**What to produce**
For the material below, output exactly the span from the line with "An arboreal termite" to the line with "Ottograph, amsterdam, paint, kmdg, graffiti", including both, and nothing besides.

**Dataset**
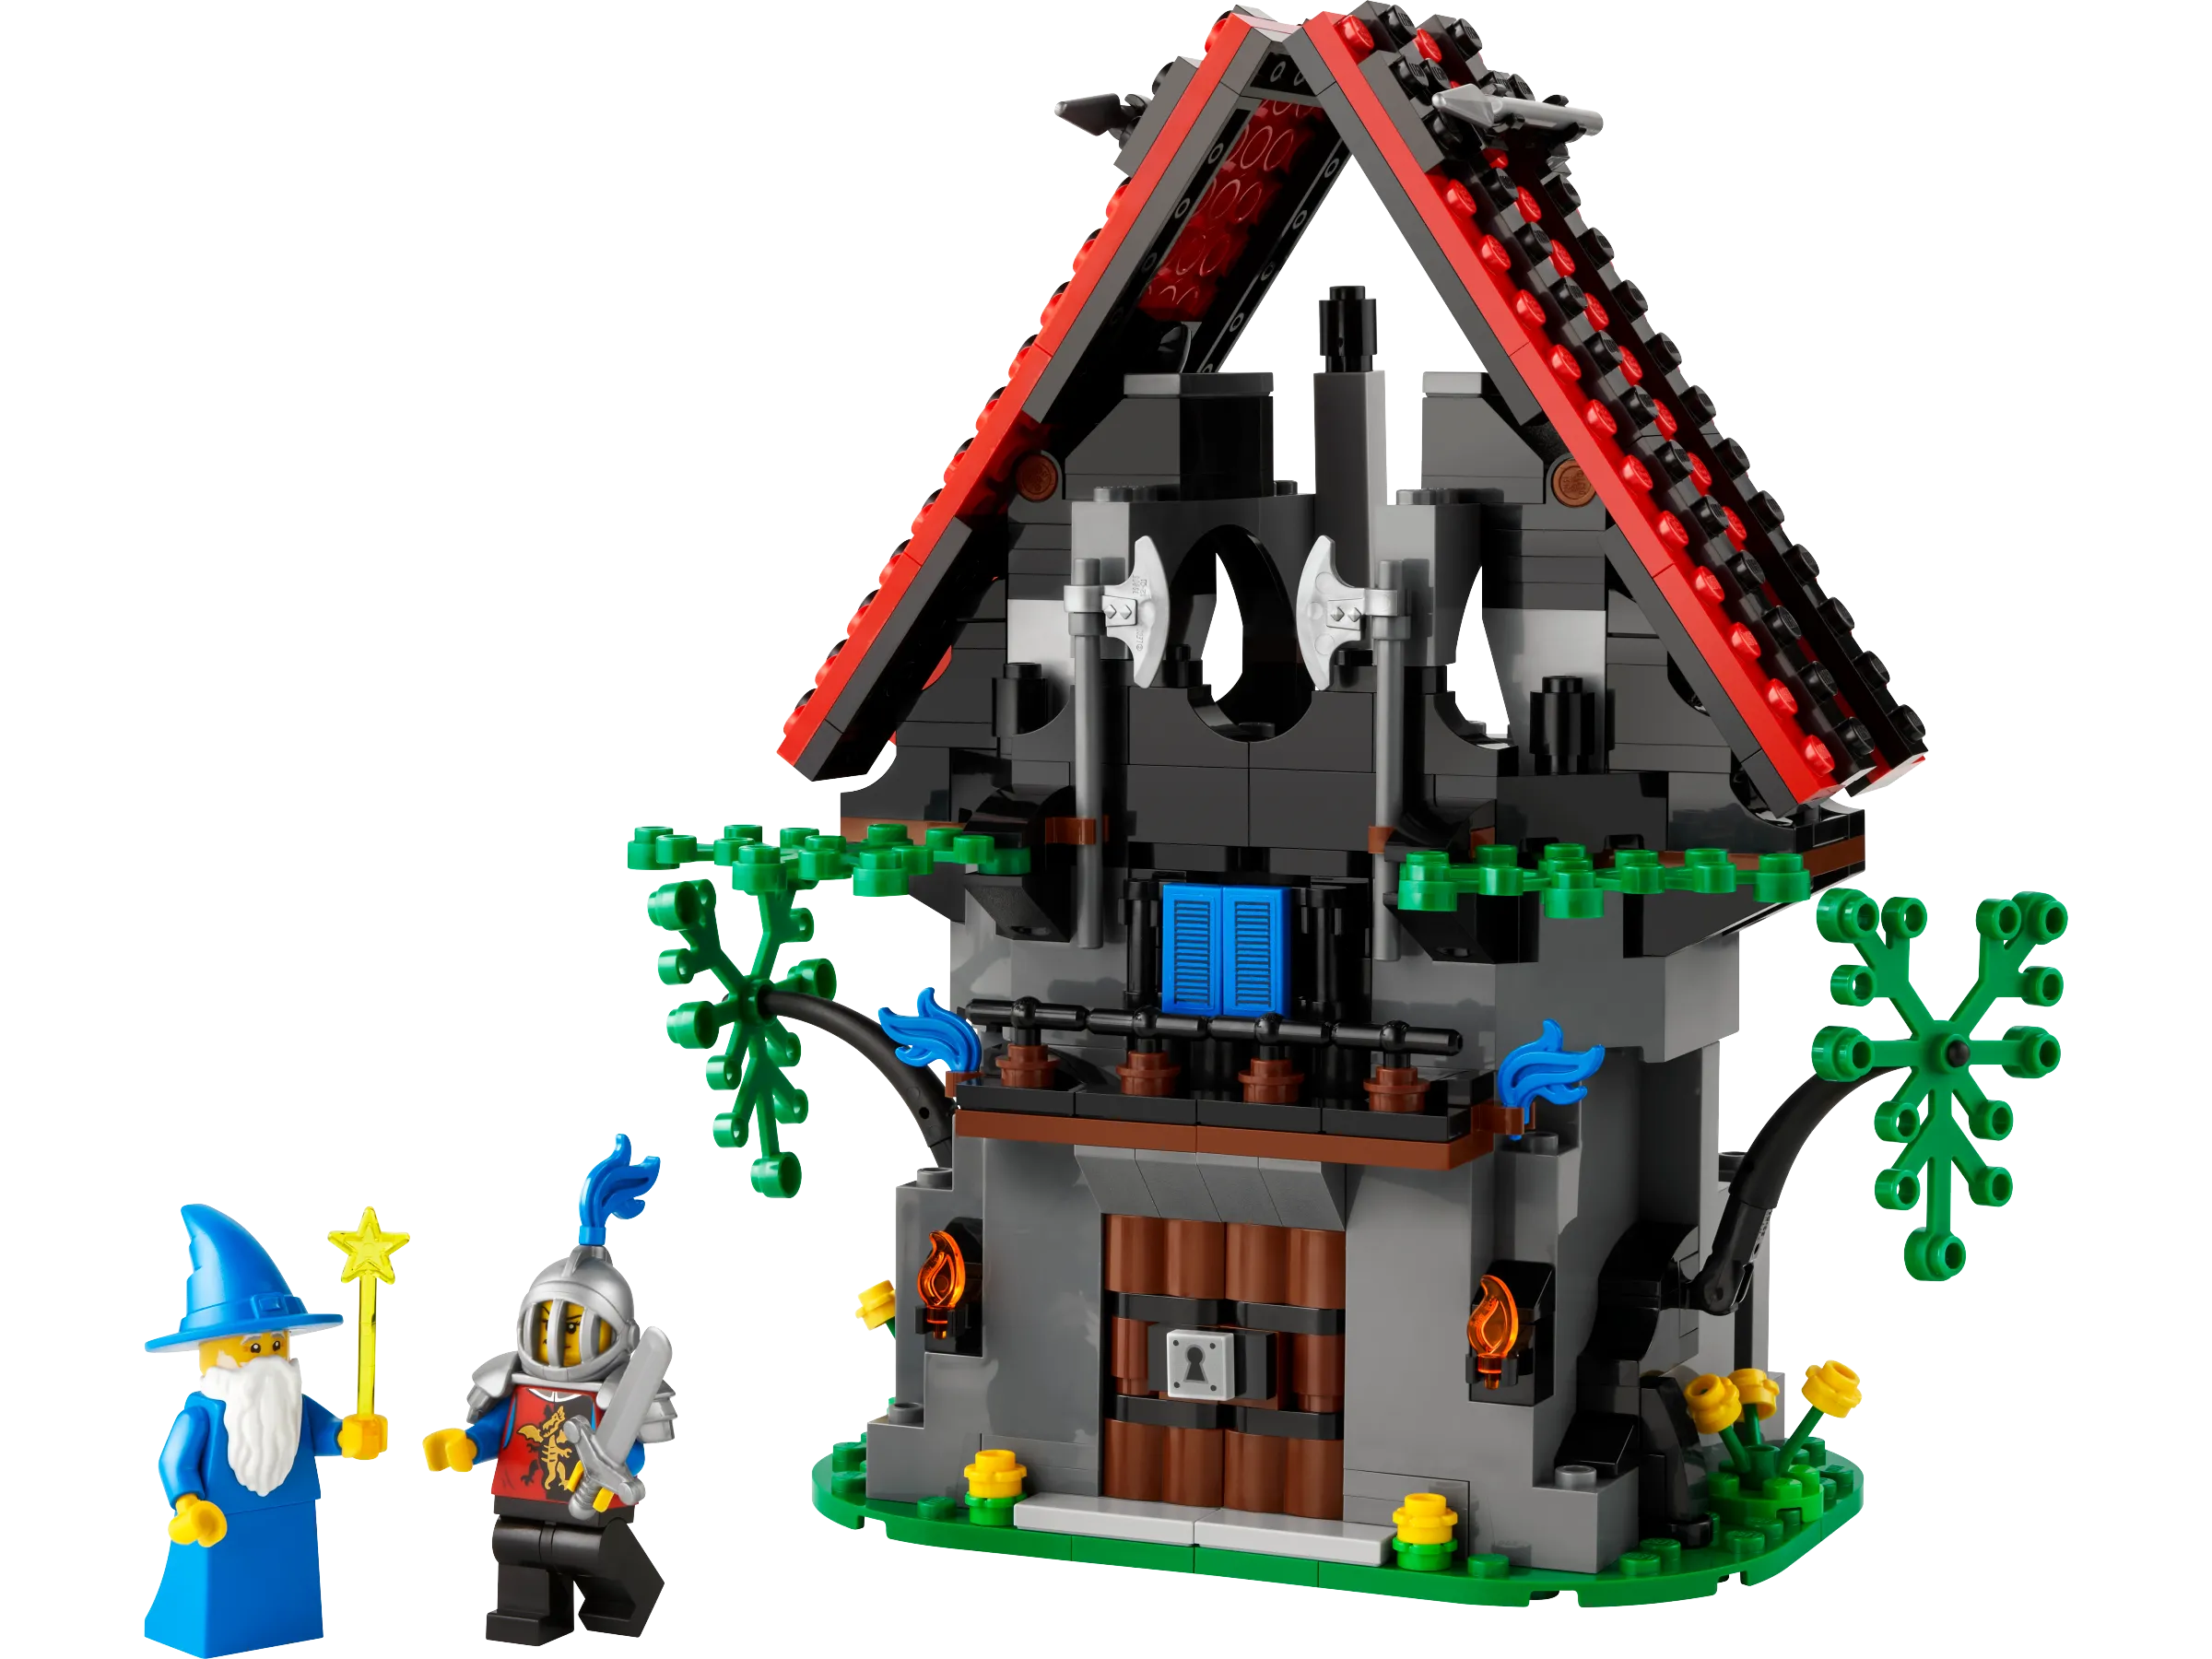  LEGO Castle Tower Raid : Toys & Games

---

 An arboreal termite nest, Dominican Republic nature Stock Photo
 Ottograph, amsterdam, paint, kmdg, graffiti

**Task answer**
 An arboreal termite nest, Dominican Republic nature Stock Photo
 Ottograph, amsterdam, paint, kmdg, graffiti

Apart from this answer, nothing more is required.